▶ [EXERCISE BRIEF] Please give back the listing below word for word, without the images.

▶ [PROVIDED MATERIAL]
◇ ◇ ◇
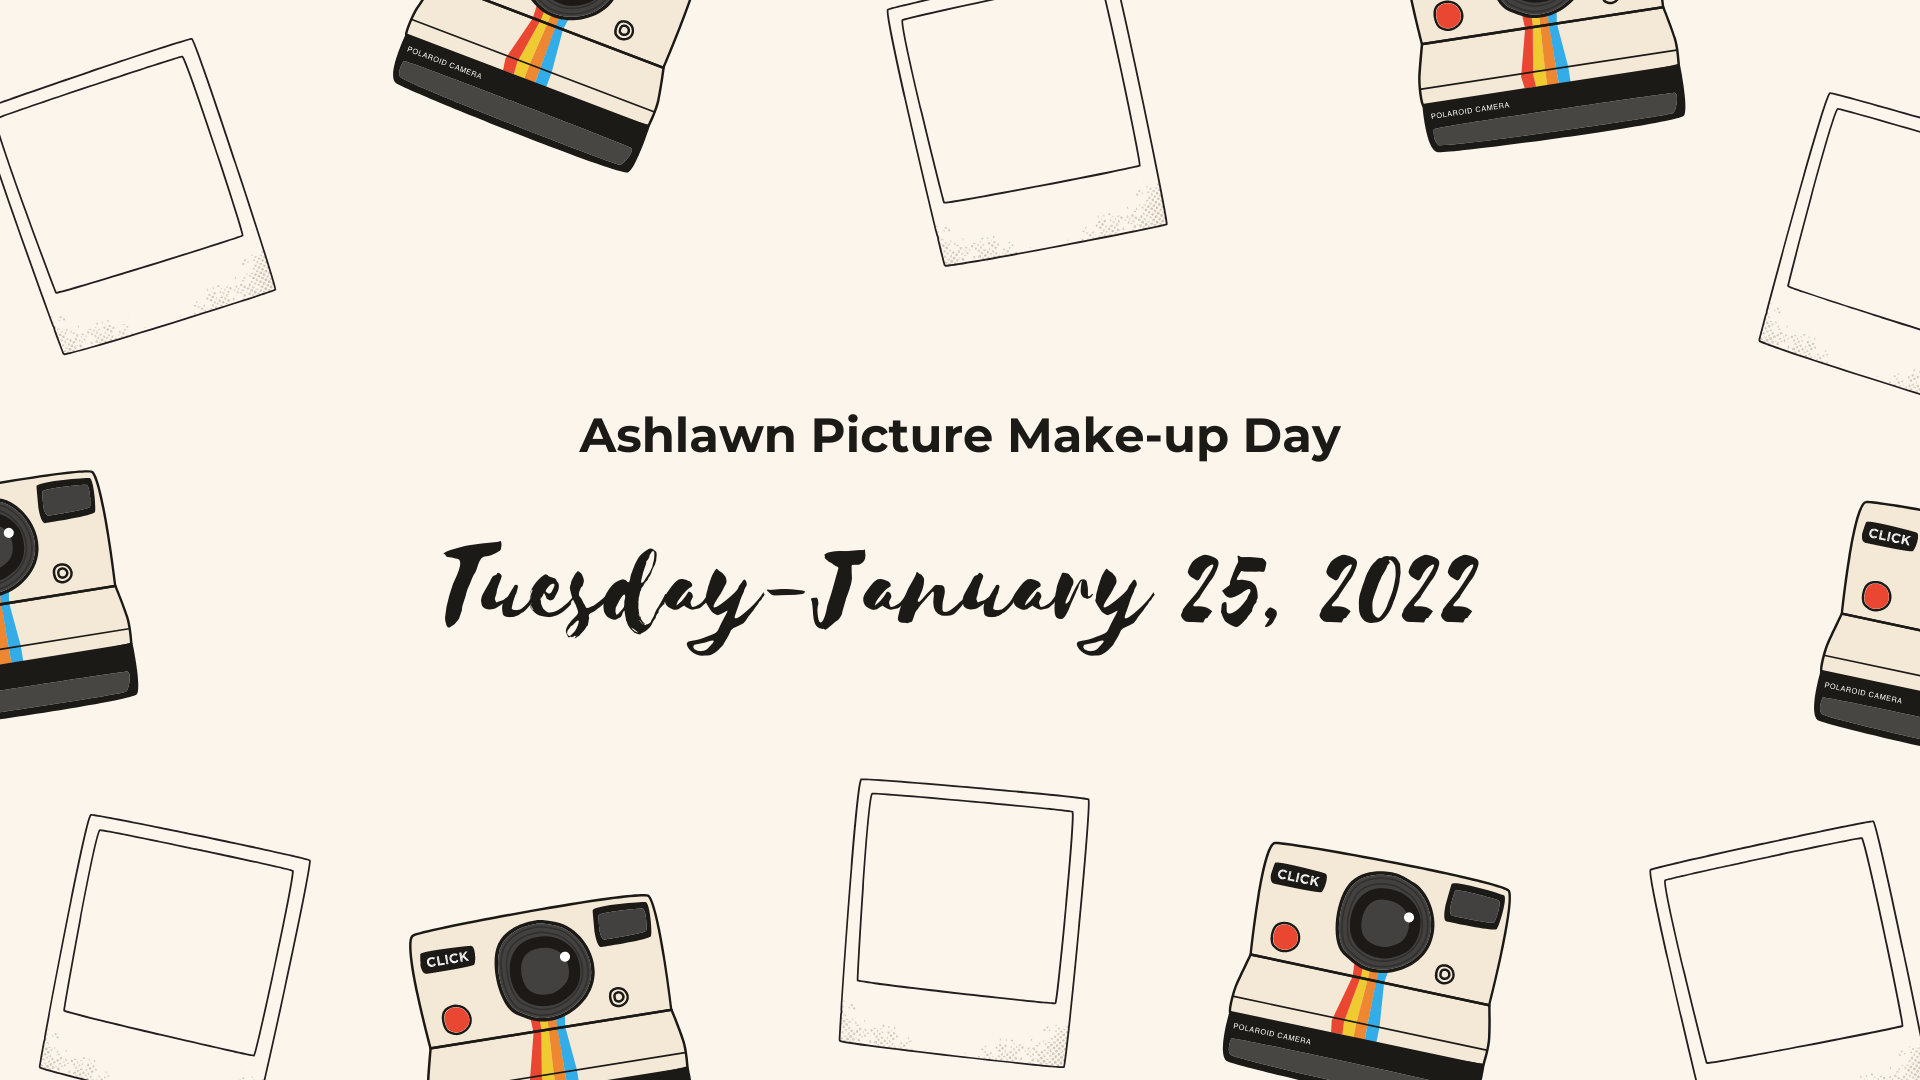 Ashlawn Picture Make-up Day: Jan. 25th
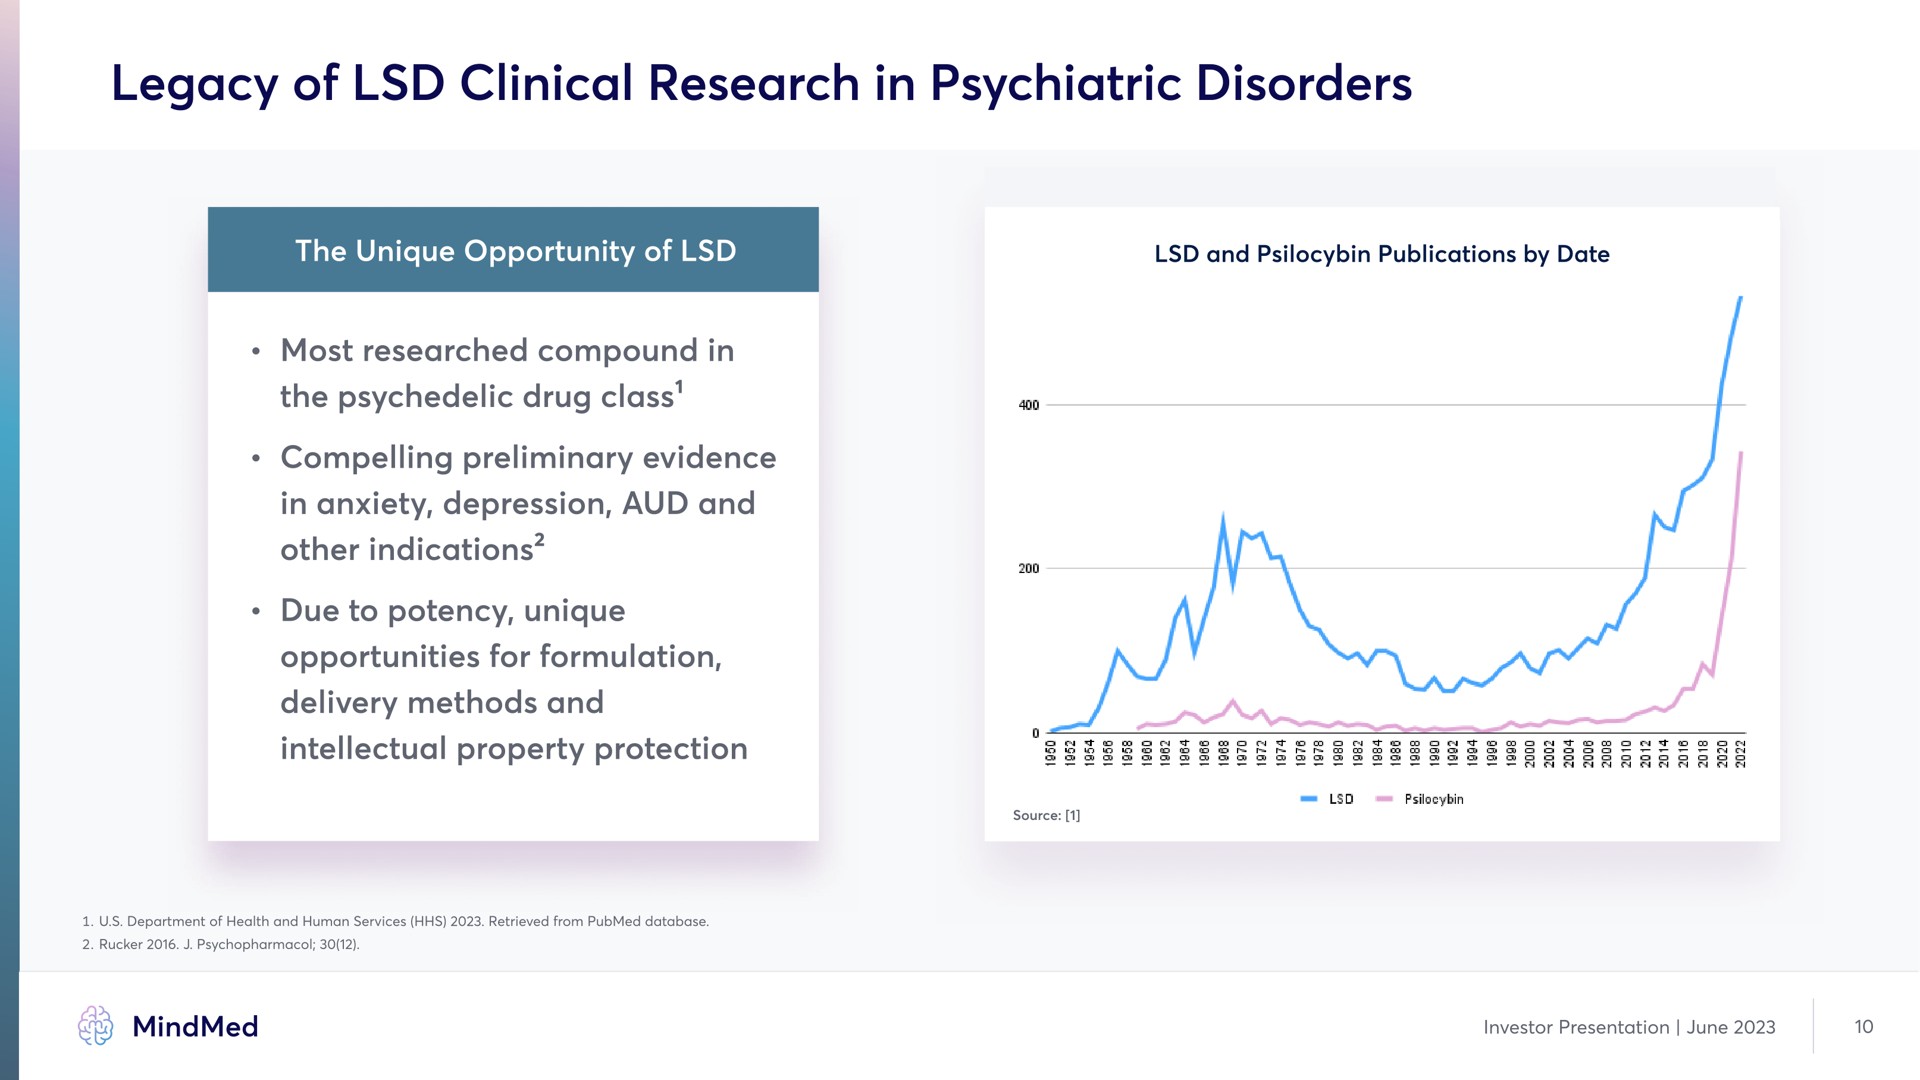 legacy of clinical research in psychiatric disorders | MindMed
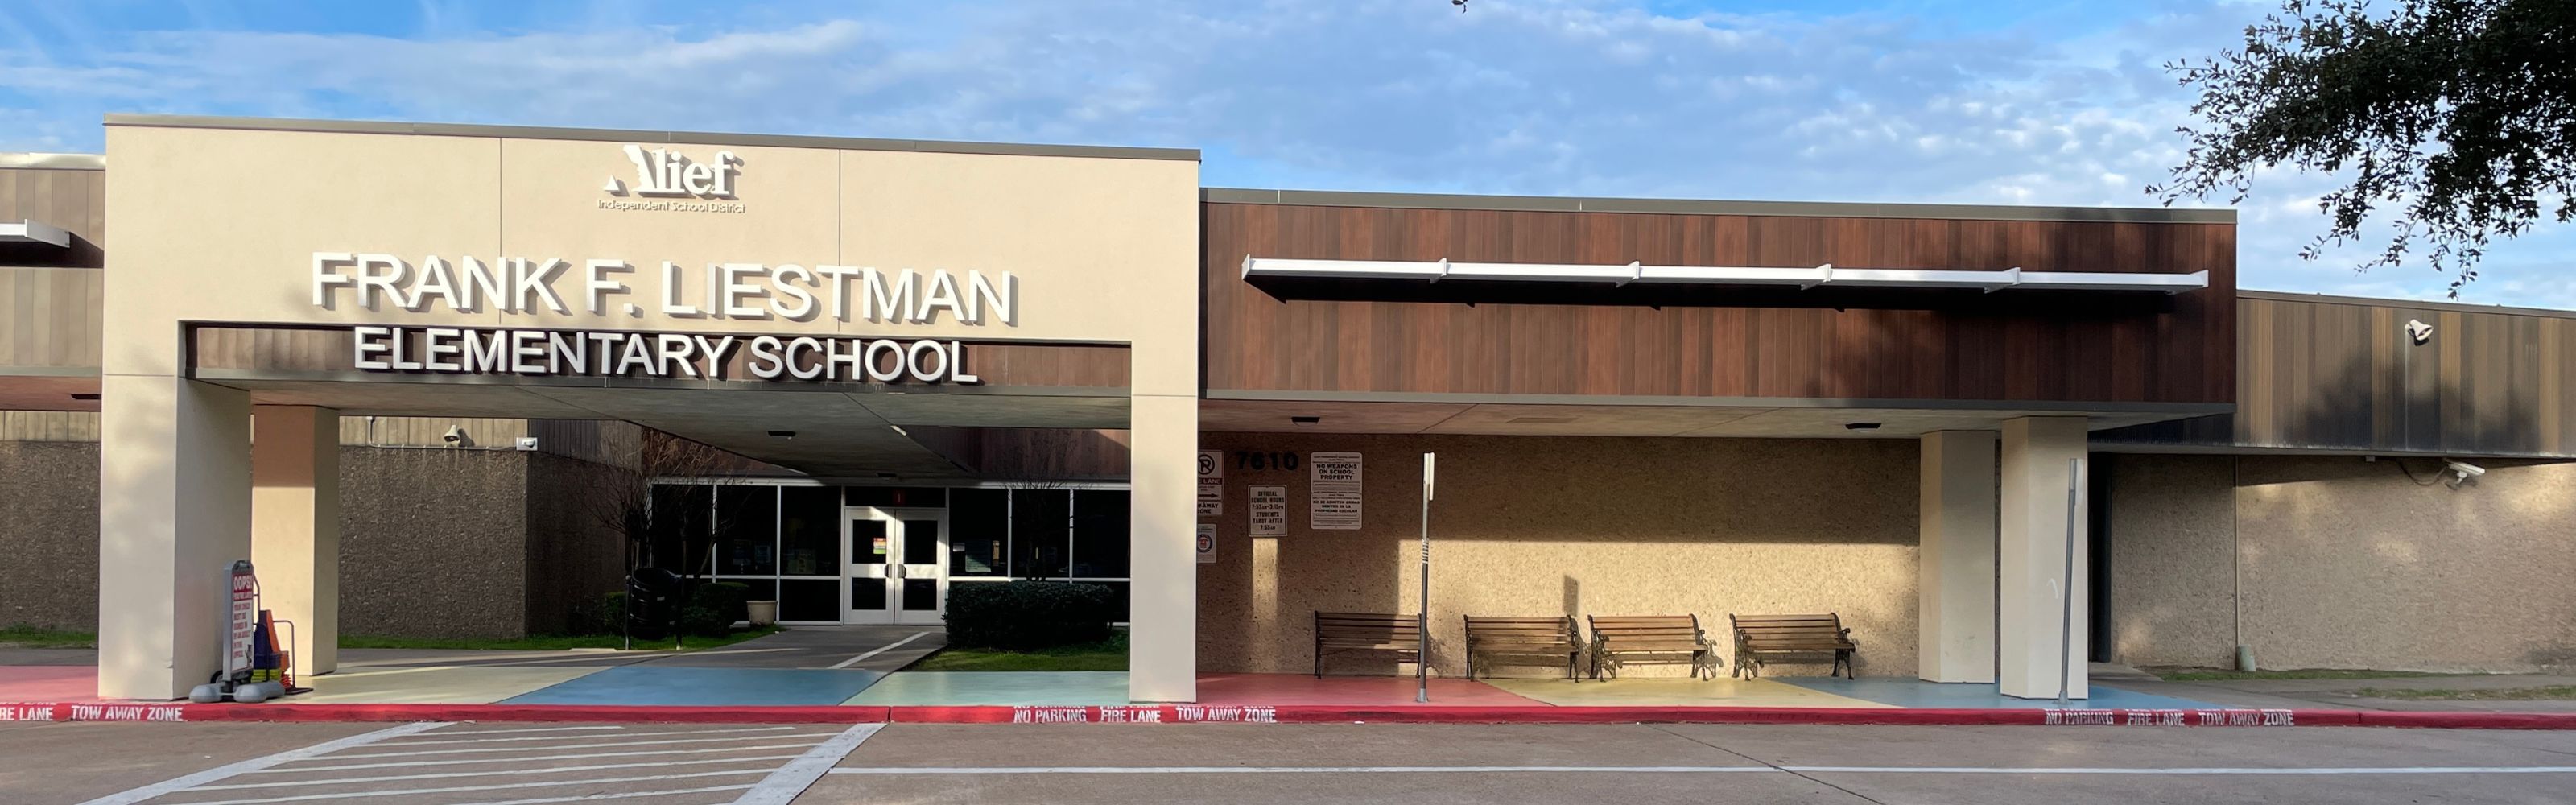 Picture of the front of Liestman Elementary
◇ ◇ ◇
▶ [TASK RESPONSE]
 Ashlawn Picture Make-up Day: Jan. 25th
 legacy of clinical research in psychiatric disorders | MindMed
 Picture of the front of Liestman Elementary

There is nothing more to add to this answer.